My complete thanks for your support on this Stephen. Hope you can help further.

13. Jul 1, 2013

### Stephen Tashi

I can't understand questions about 6 weather stations unles they are posed precisely. The simplest way to do that will be to use appropriate notation..

Designate the N weather stations whose measurements are to be somehow weighted, by indexes $"1","2","3"..."N"$ instead of $"A","B","C",..$.

Use the notation $X[j]$ to be the $j$-th type of measurement taken at the $i$th weather station. The types of measurements are indexed by $j = 1,2,..M$.

I don't know about the wisdom of combining two types of measurement into a single number. I think that debate is a matter of physics, not pure math. I'm assuming that the measurements "types" are the final set of numbers, after you have done all the combining that's going to be done.

Let the variables representing $S$ other measurements, not in the above list be $Z[1],Z[2]...Z$.

Let the unconstrained regression model be

$L_u =\sum_{j=1}^M \sum_{i=1}^N C[j] X[j] + \sum_{i=1}^S A Z_i + P$

where the $C[j], A, P$ are constants.

There are at least two interpetations of what it means to weight the data from weather stations.

On interpretation is that you must assign a set of non-negative weights $w[1],w[2]...w[N]$ with the constraint $\sum_{i=1}^N w = 1$. i.e. one weight value per weather station.

Another interpretation is that you may assign a set of non-negative weights $w[j][j] , j = 1,2..M, i = 1,2,..N$ , with the constrain that $\sum_{i=1}^N w[j] = 1$ for each $j = 1,2,...M$ i.e. that you can have one weight per each type of measurement and each weather station.

It is unclear to me what the situation is with the company's current model. I'll guess it is of the form

$$L_c = \sum_{j=1}^M K[m] Y[m] + \sum_{i=1}^S B Z + Q$$

where $Y[j]$ is a (single) value for a measurement of type $j$ and $K[m],B,Q$ are constants.

I don't know if you can look into the code and data for this model and read the specific values of the constants ( for example, determine that $K[3] = 29.85677$) or whether you can't do things like that.

Can you clarify the above ambiguities and pose your questions in the framework of the notation or suggest a different notation? (I don't care if you use the forums LaTex. It's interesting to learn, but that can be a big distraction.)

I might be able to read R-code with documentation - a dictionary of the variables.

14. Jul 1, 2013

### mdhastings

Stephen I did some Latex 21 years ago, so latex it is and please ignore the R code.
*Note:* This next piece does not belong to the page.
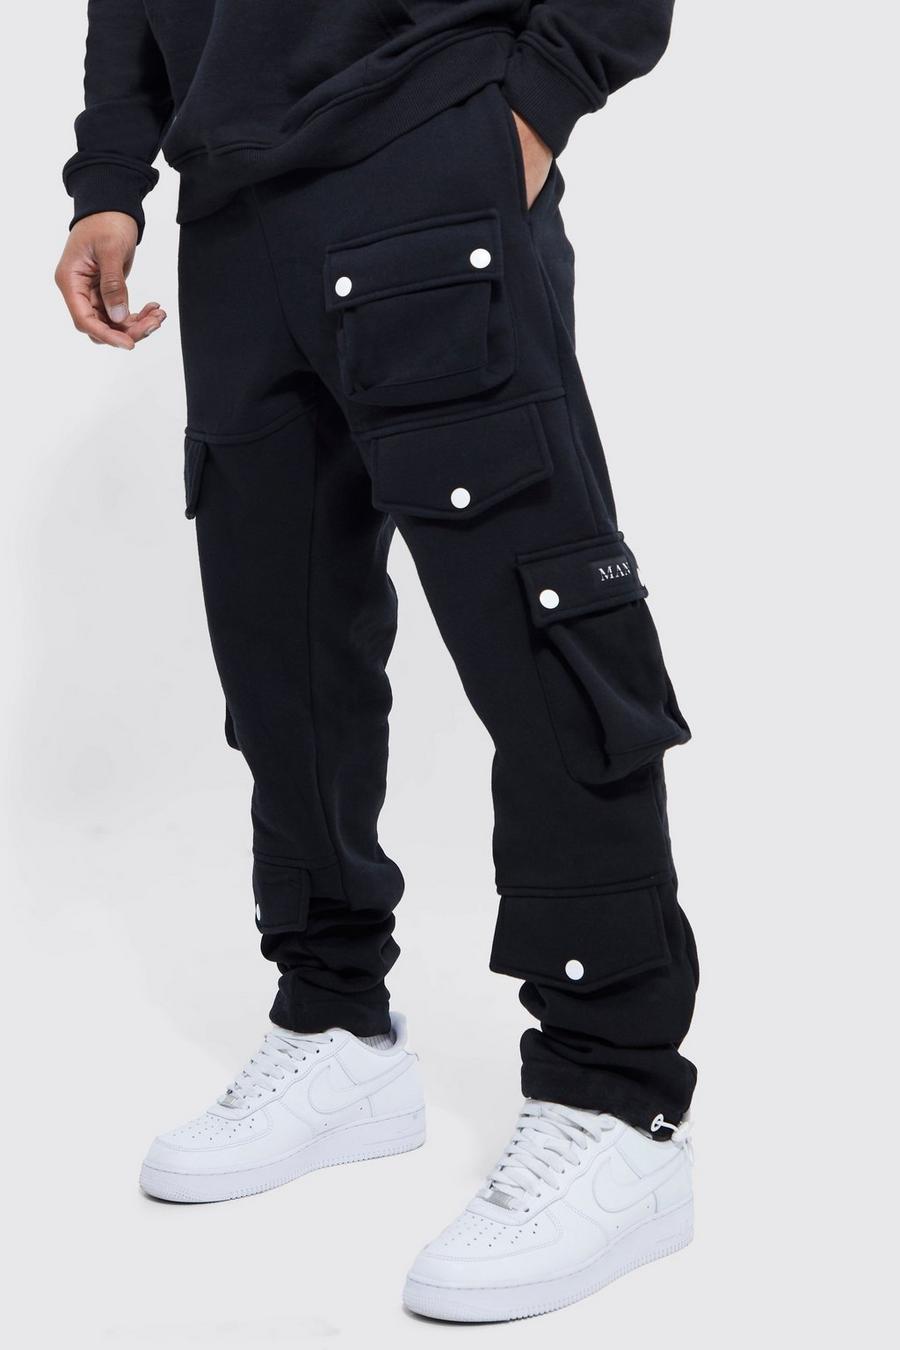 Pantalón deportivo Tall con multibolsillos cargo y botamanga, Black nero

Yes the idea was to work backwards to find a methodology to find a weighting for each station. It may be that we should not combine the two sets of numbers (Temp and Dew point). Maybe we run each alone and simply average the two sets of coefficients. So (cause I get notation confusion) let me ask explicitly about the Temp set of numbers: I want $Y[m]$ to represent the temp measurement of each station, thus $j = 1$ then this:

$$L_c = \sum_{i=1}^M K[m] Y[m] + \sum_{i=1}^S B Z + Q$$

where $Y[j]$ is a (single) value for a temp $j$ measurement of station $i$ and $K[m],B,Q$ are constants.

When I run this I get $K[m]$ coefficients of 10.20,-10.63, 5.75, 9.53,4.78,11.74 for station temperatures 1 to 6 but firstly these do not align to the current weightings and secondly no matter what I do I always get a negative value and do not know how I build the weighting so they total 1.

Please let me know how this aligns with your comments. These last two difficulties are one big headache and that is why I tried to combine temp with either dew point or rel. humid.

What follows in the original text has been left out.